Barroso relatou que, em encontro recente com representantes da categoria, três preocupações se mostraram centrais: definição decritérios para jornada de trabalho, garantia de remuneração mínima e funcionamento adequado do seguro previsto em lei.
Segundo ele, a maior queixa foi de que o seguro, embora exista formalmente, não cobre adequadamente períodos em que o trabalhador fica impossibilitado de exercer sua atividade por acidente.
O ministro também registrou que os motoristas manifestaram inquietação quanto à previdência social. Ressaltou que como não há empregador que recolha contribuições e muitos profissionais autônomos não conseguem arcar com o pagamento por conta própria, há risco de desproteção previdenciária”[1].
Aproveito a oportunidade neste ensaio para fazer um breve registro, quanto ao seguro privado.
O seguro obrigatório de danos pessoais causados por veículos automotores de via terrestre, tradicionalmente denominado DPVAT, constituía um instrumento jurídico de relevante função social, ao assegurar indenização mínima às vítimas de acidentes de trânsito, abrangendo motoristas, passageiros e pedestres.
Porém, desde 2021 houve a suspensão da cobrança, em razão da suficiência de recursos acumulados, o que gerou acentuada insegurança jurídica quanto à continuidade da cobertura.

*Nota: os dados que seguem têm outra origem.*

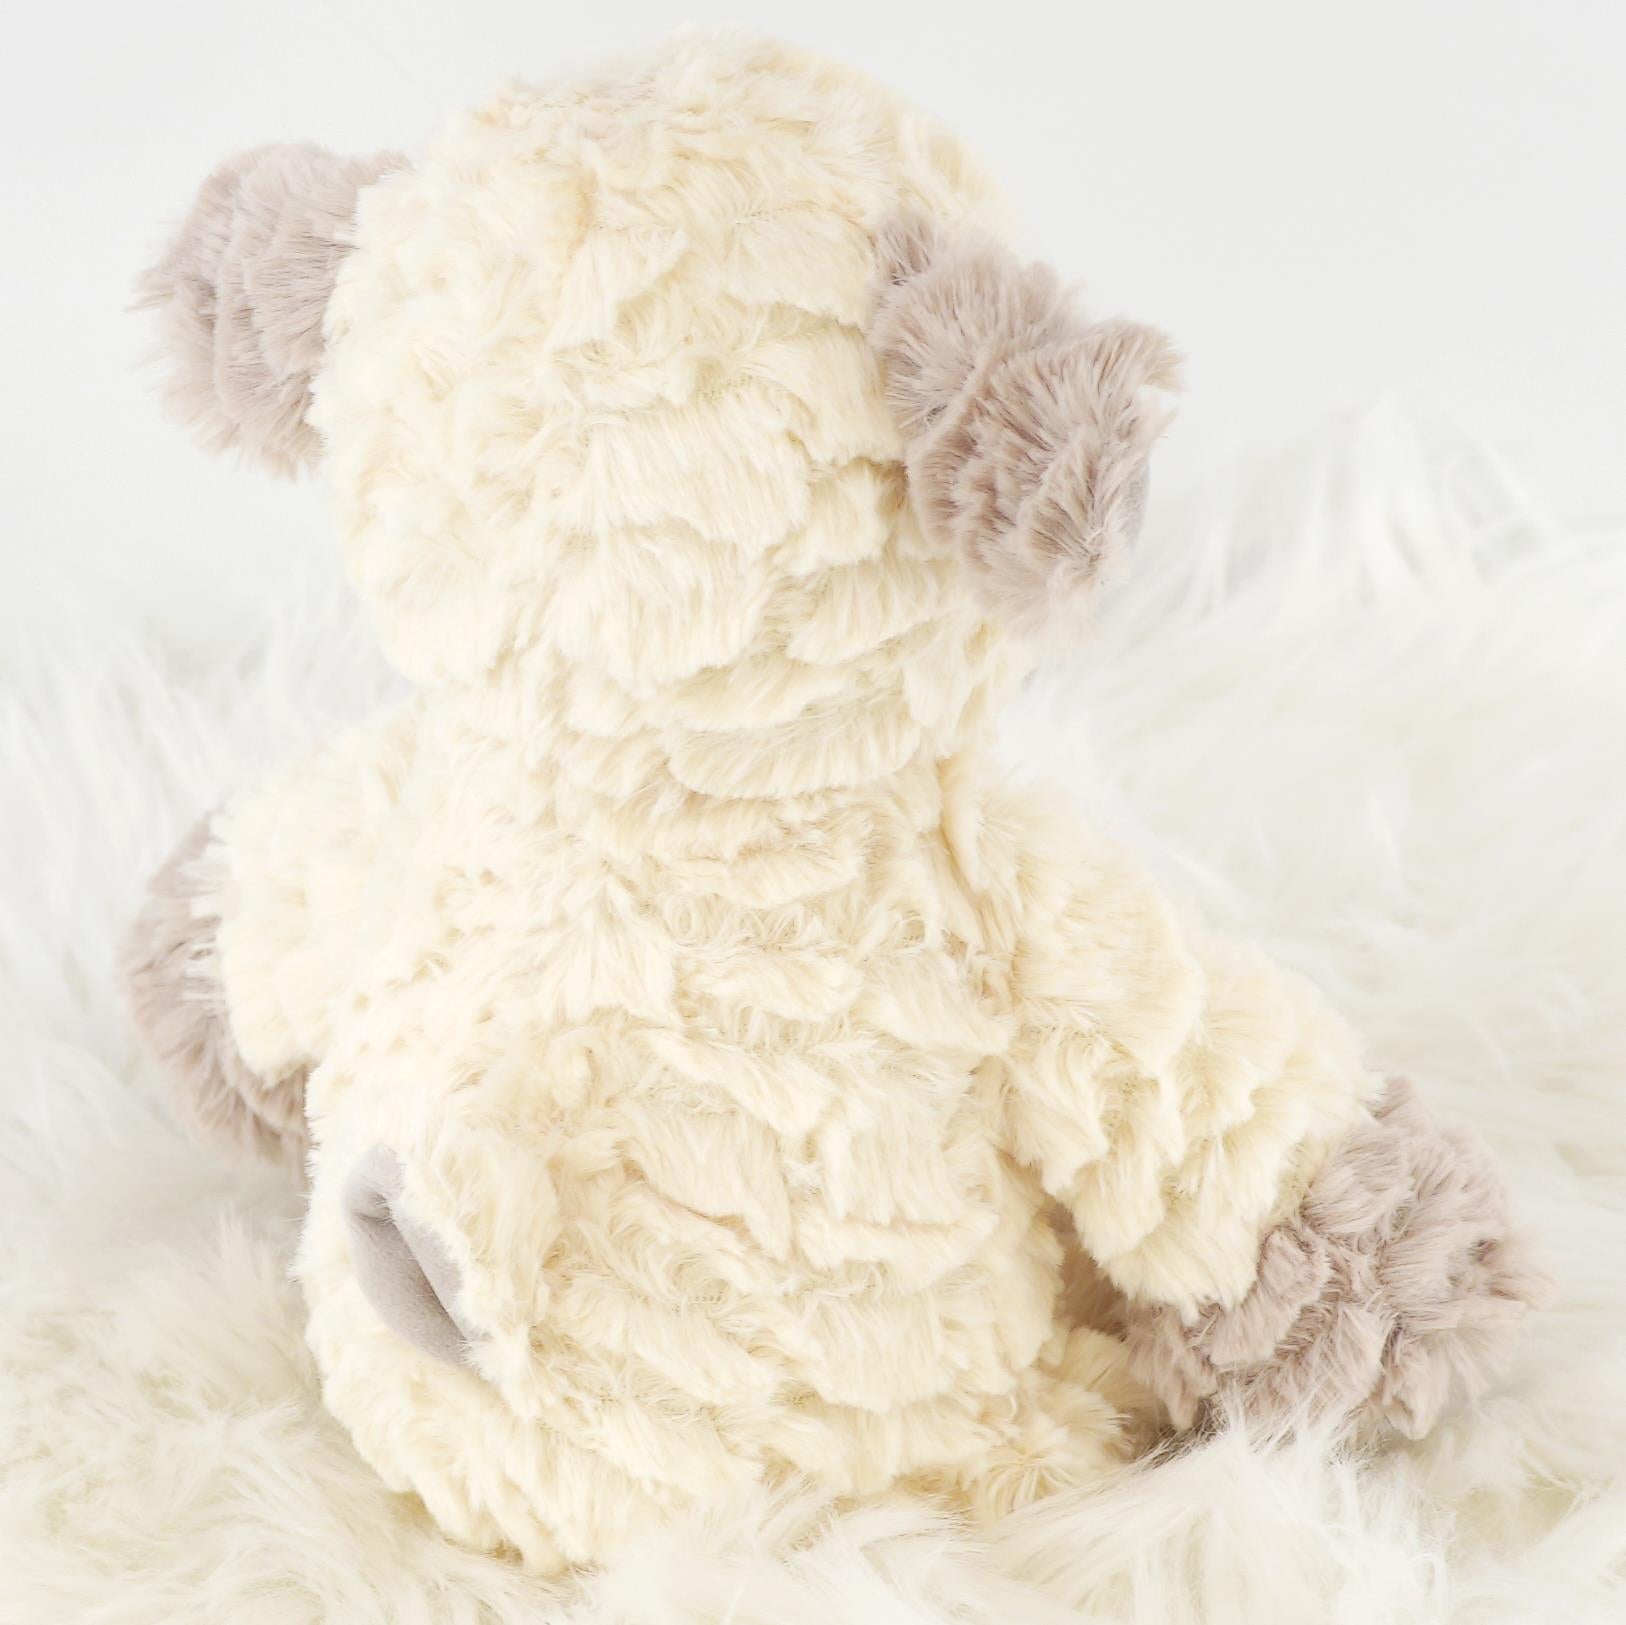 Plush Super Soft Lamb Cuddly Toy by The Magic Toy Shop - The Magic Toy Shop

No ano de 2023, o legislador sancionou a Lei nº 14.599/2023, que instituiu o Seguro Obrigatório para Proteção de Vítimas de Acidentes de Trânsito (SPVAT), restabelecendo o caráter compulsório do instituto, com previsão de retomada de sua cobrança a partir do exercício de 2025.
Todavia essa modalidade securitária não foi adiante.
Nesse contexto fático, coloca-se em análise a situação dos motoristas de aplicativos, categoria que tem adquirido crescente relevância econômica e social no Brasil, sobretudo em função de sua inserção precária nas redes de proteção securitária e previdenciária.
O DPVAT foi criado pela Lei nº 6.194/1974, com caráter público e de cobertura universal, tendo como objetivo principal garantir indenizações em casos em casos de morte, invalidez permanente, total ou parcial, além de despesas médicas e suplementares.
Com a edição da Lei nº 14.599/2023, o DPVAT seria substituído pelo SPVAT, preservando-se a natureza obrigatória do seguro, que seria conduzido através de uma gestão centralizada da Caixa Econômica Federal, responsável pela arrecadação e pagamento das indenizações.
Os motoristas de aplicativos, embora não contemplados naquela lei específica teriam, sem dúvida alguma, sua inclusãona condição de condutores/proprietários de veículos automotores, sujeitando-se às mesmas obrigações impostas aos demais motoristas.
A atuação profissional dos motoristas de aplicativo intensifica o risco de acidentes, dada a maior exposição ao trânsito urbano merecendo, de modo isonômico, a mesma proteção em relação a qualquer condutor de veículo automotor.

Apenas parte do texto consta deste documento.